START Data supplied
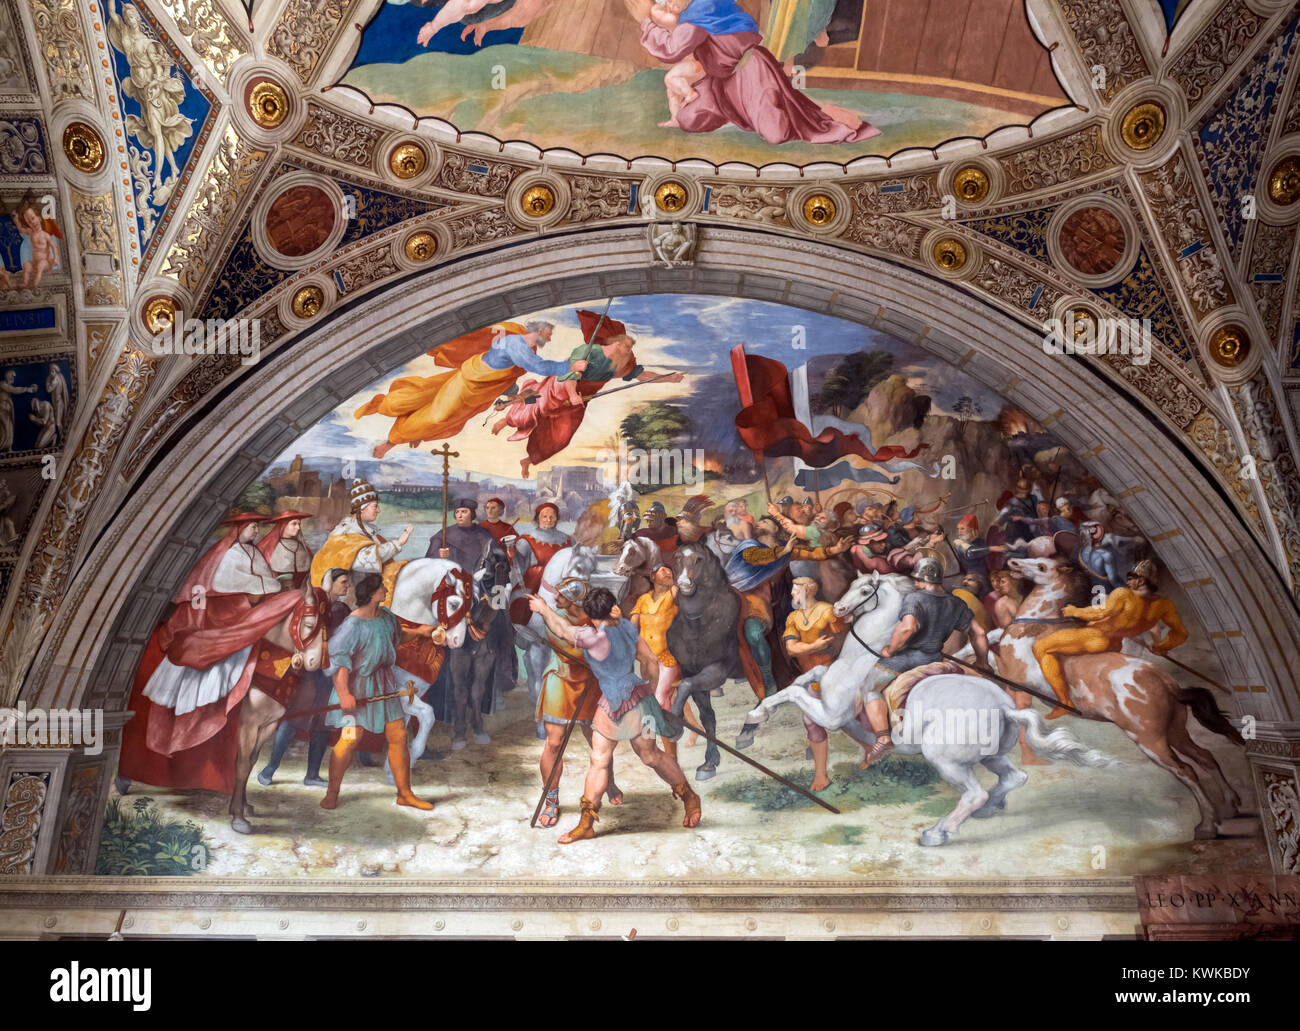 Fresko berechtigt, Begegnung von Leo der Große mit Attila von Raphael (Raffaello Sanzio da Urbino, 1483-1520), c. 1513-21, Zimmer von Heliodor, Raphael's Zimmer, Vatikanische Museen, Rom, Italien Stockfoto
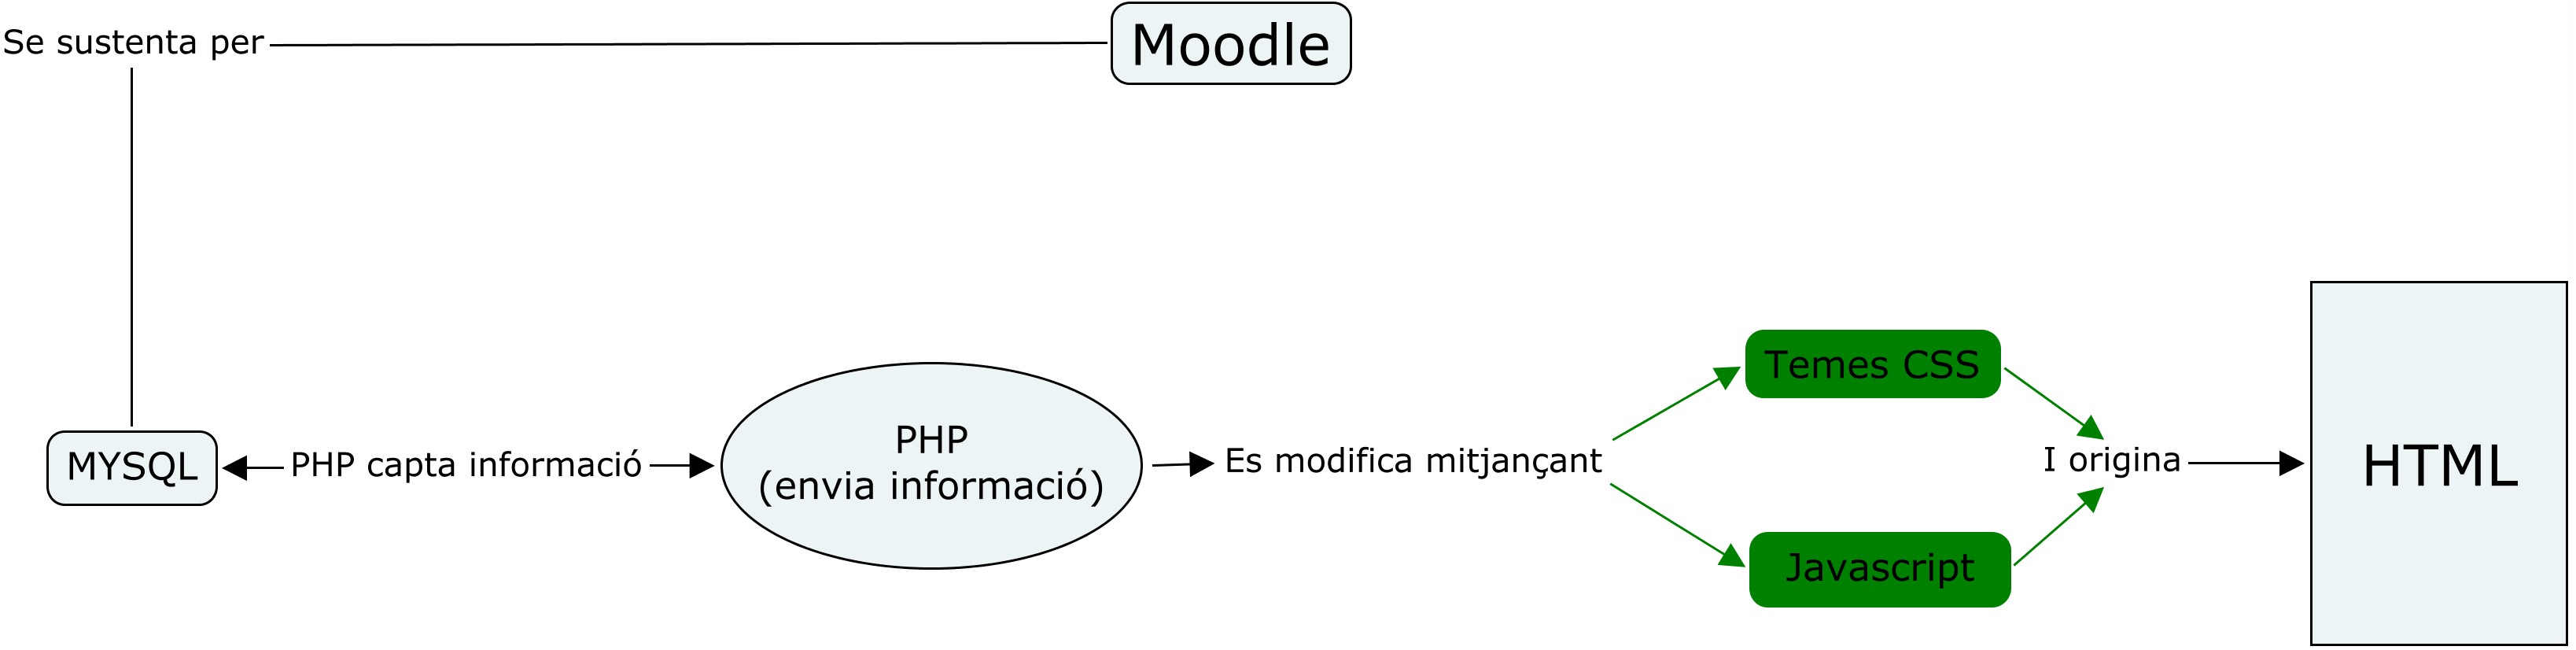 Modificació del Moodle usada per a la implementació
END Data supplied
START Data supplied
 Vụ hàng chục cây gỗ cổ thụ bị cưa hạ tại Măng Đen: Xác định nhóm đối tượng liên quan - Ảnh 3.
END Data supplied
START Data supplied
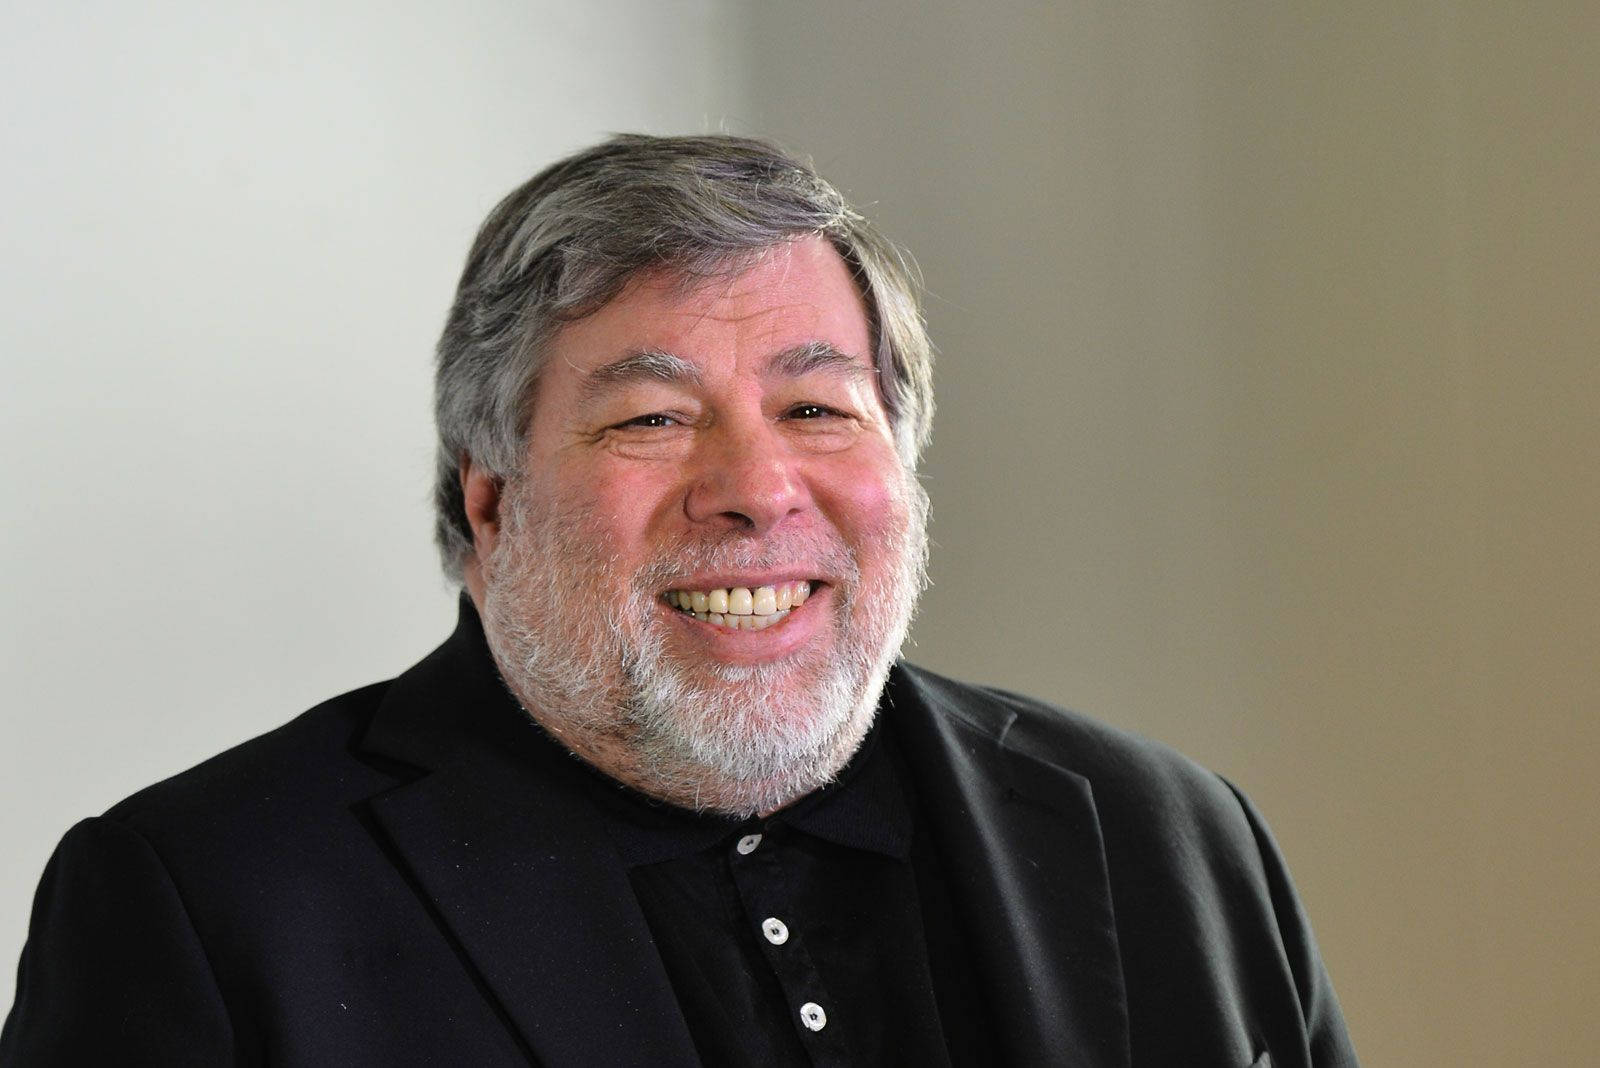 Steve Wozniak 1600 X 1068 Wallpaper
END Data supplied
### Exercise details
Your answer must be everything above from the line with "Fresko berechtigt, Begegnung" down to the line with "Modificació del Moodle", word for word, and no pictures.

### Answer area
 Fresko berechtigt, Begegnung von Leo der Große mit Attila von Raphael (Raffaello Sanzio da Urbino, 1483-1520), c. 1513-21, Zimmer von Heliodor, Raphael's Zimmer, Vatikanische Museen, Rom, Italien Stockfoto
 Modificació del Moodle usada per a la implementació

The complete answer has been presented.